■ GOAL OF THE EXERCISE:
All of the data must be written out verbatim, with pictures excluded.

■ EXERCISE DATA:
#####
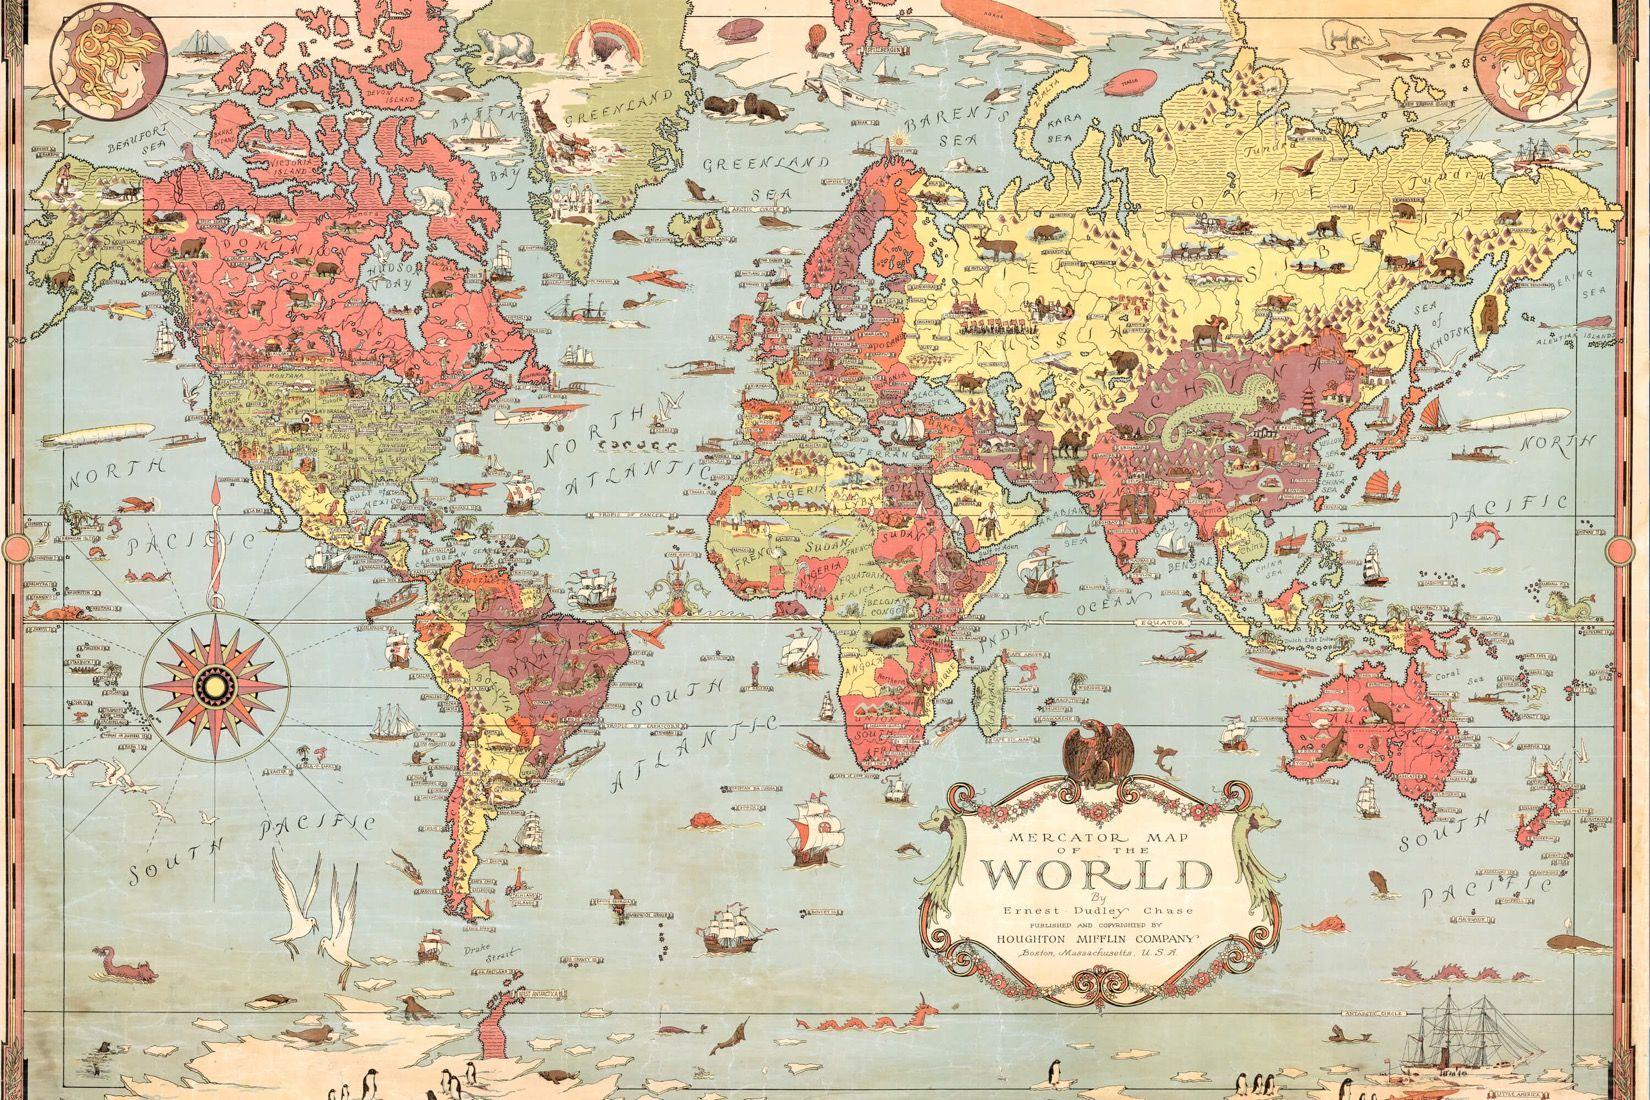 Kids vintage world map muralswallpaper design services kids vintage world map muralswallpaper gumiabroncs Images
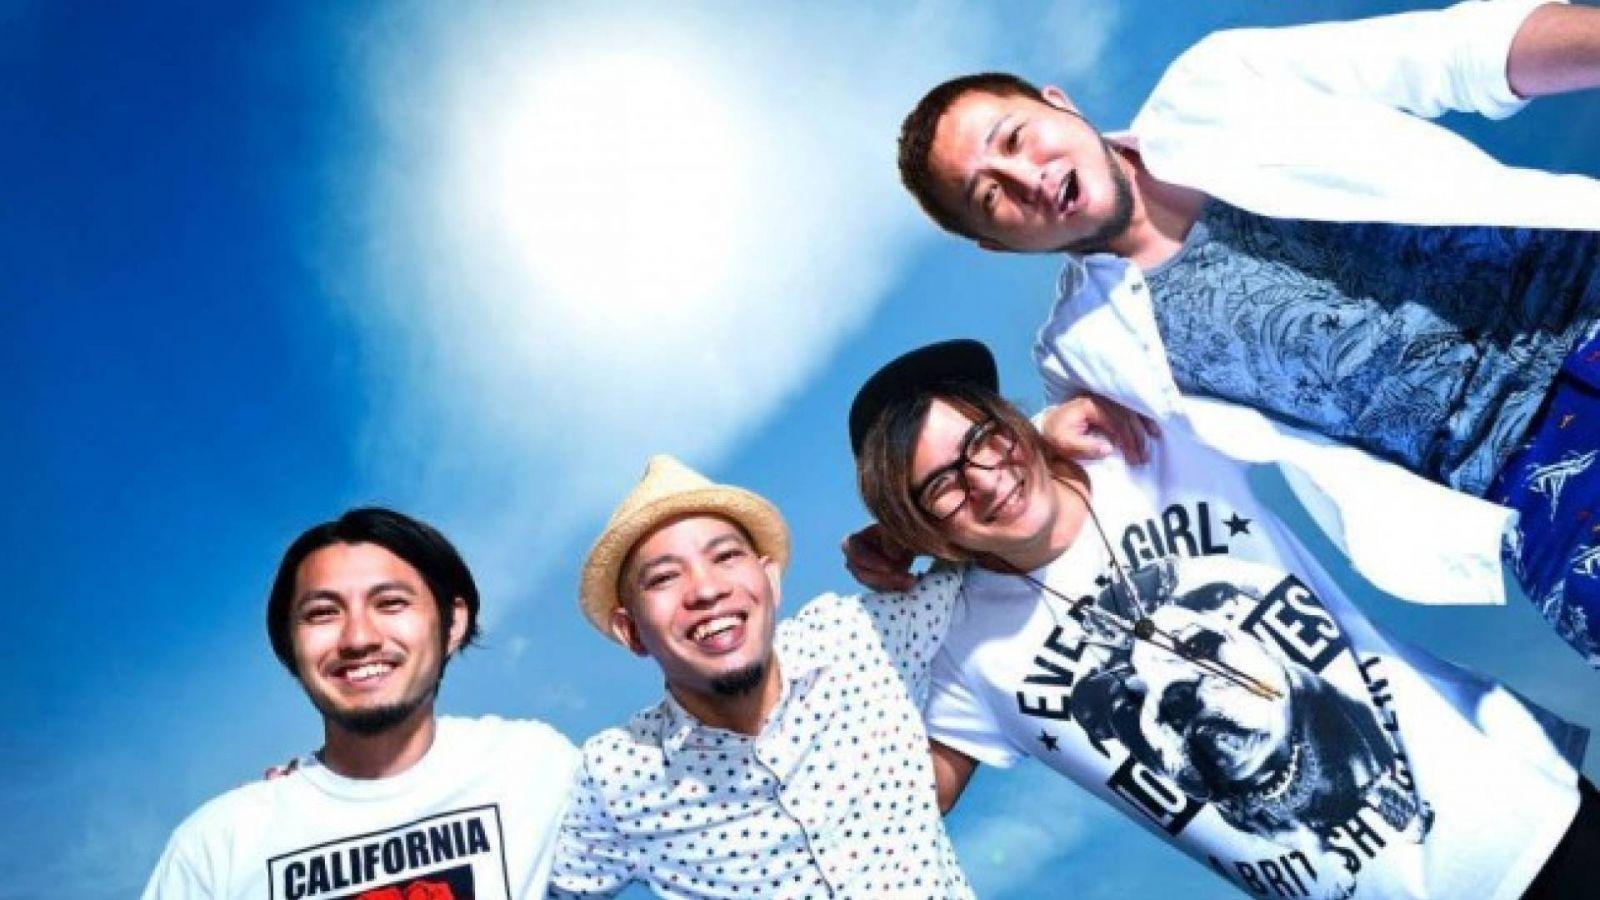 Kariyushi 58 © Kariyushi 58 / LD&K Records
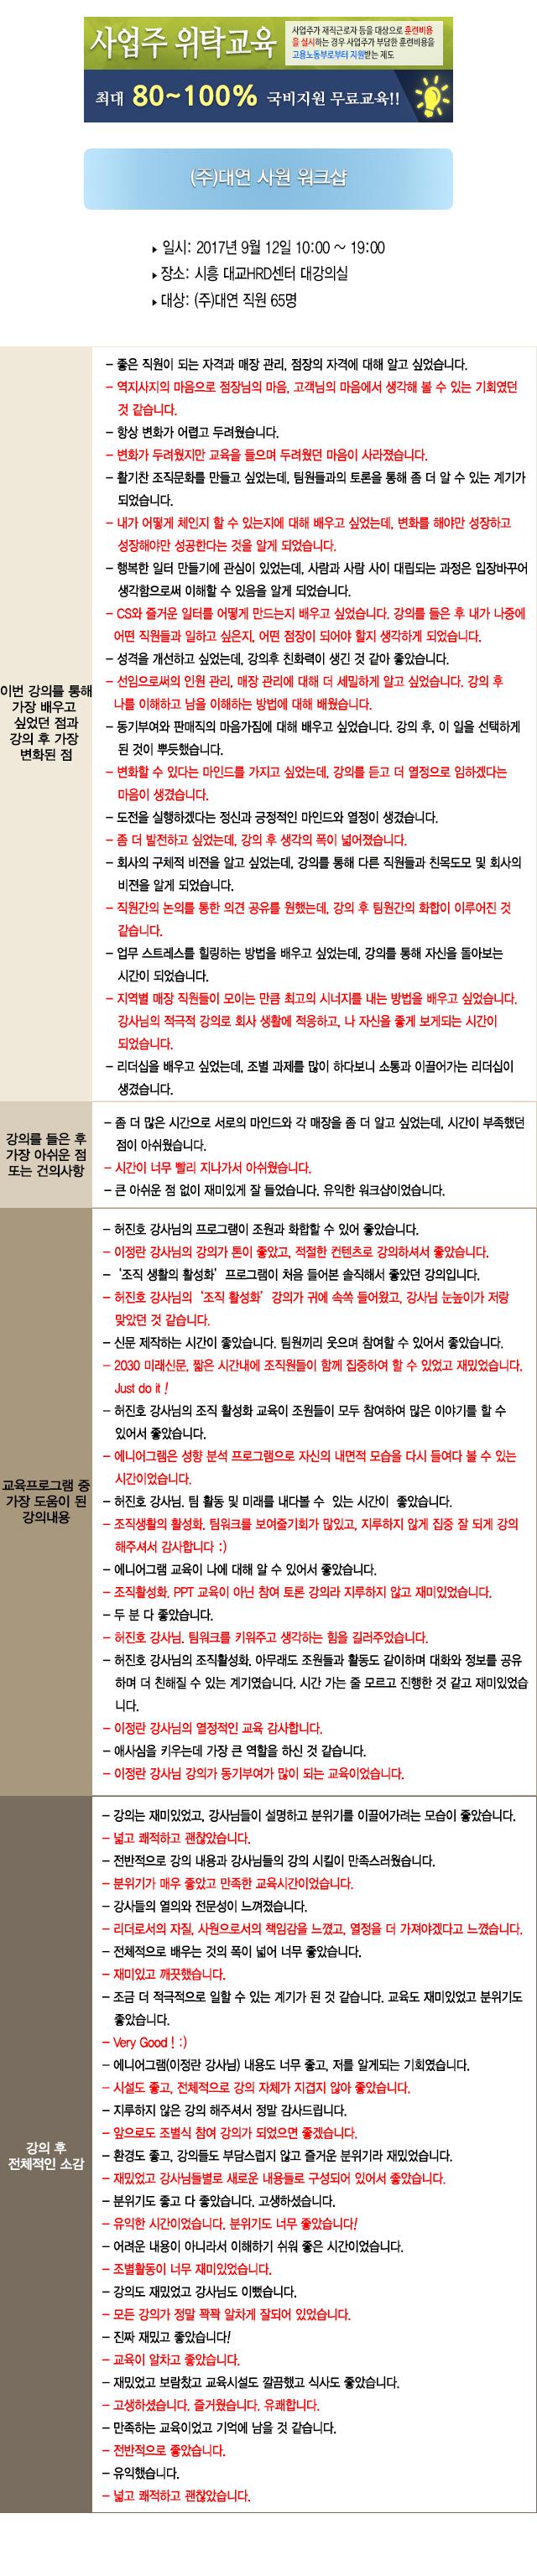 한국중앙인재개발원 대연 후기.jpg
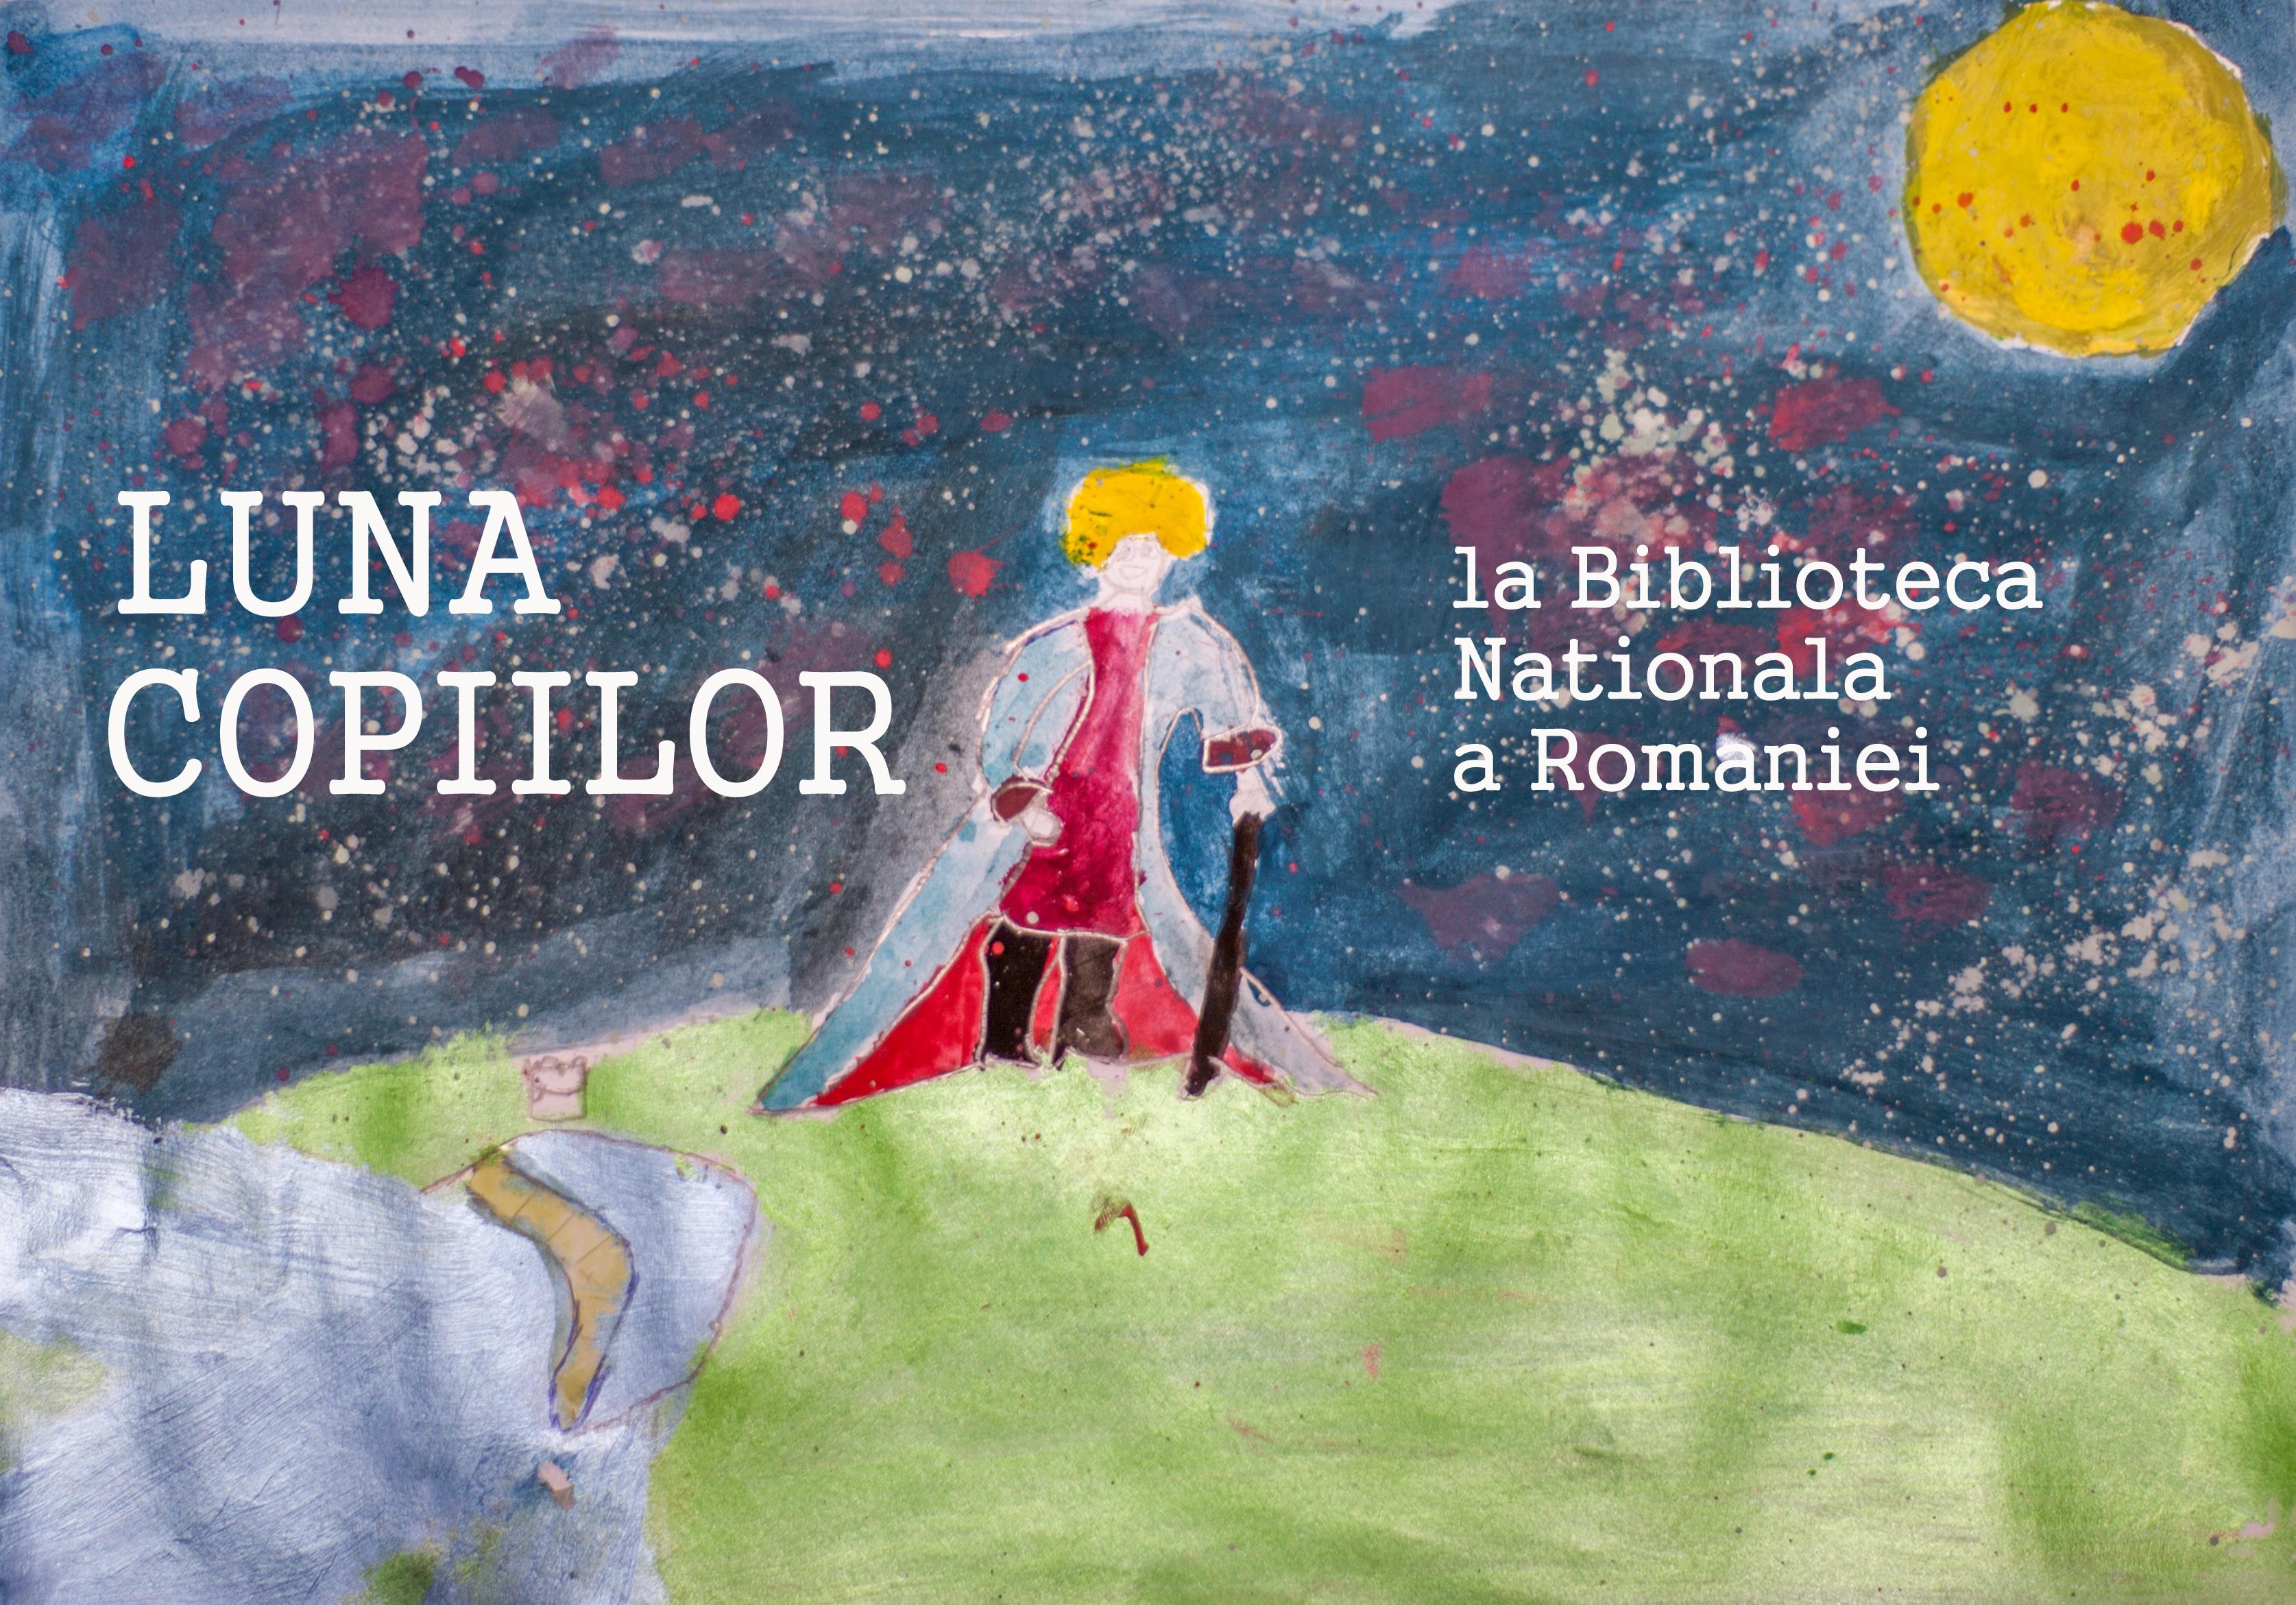 Atelier de lectură cu scriitoarea Lavinia Braniște,  marți, 12 iunie, 18:00 - 19:30.
#####
■ SOLUTION TO THE EXERCISE:
 Kids vintage world map muralswallpaper design services kids vintage world map muralswallpaper gumiabroncs Images
 Kariyushi 58 © Kariyushi 58 / LD&K Records
 한국중앙인재개발원 대연 후기.jpg
 Atelier de lectură cu scriitoarea Lavinia Braniște,  marți, 12 iunie, 18:00 - 19:30.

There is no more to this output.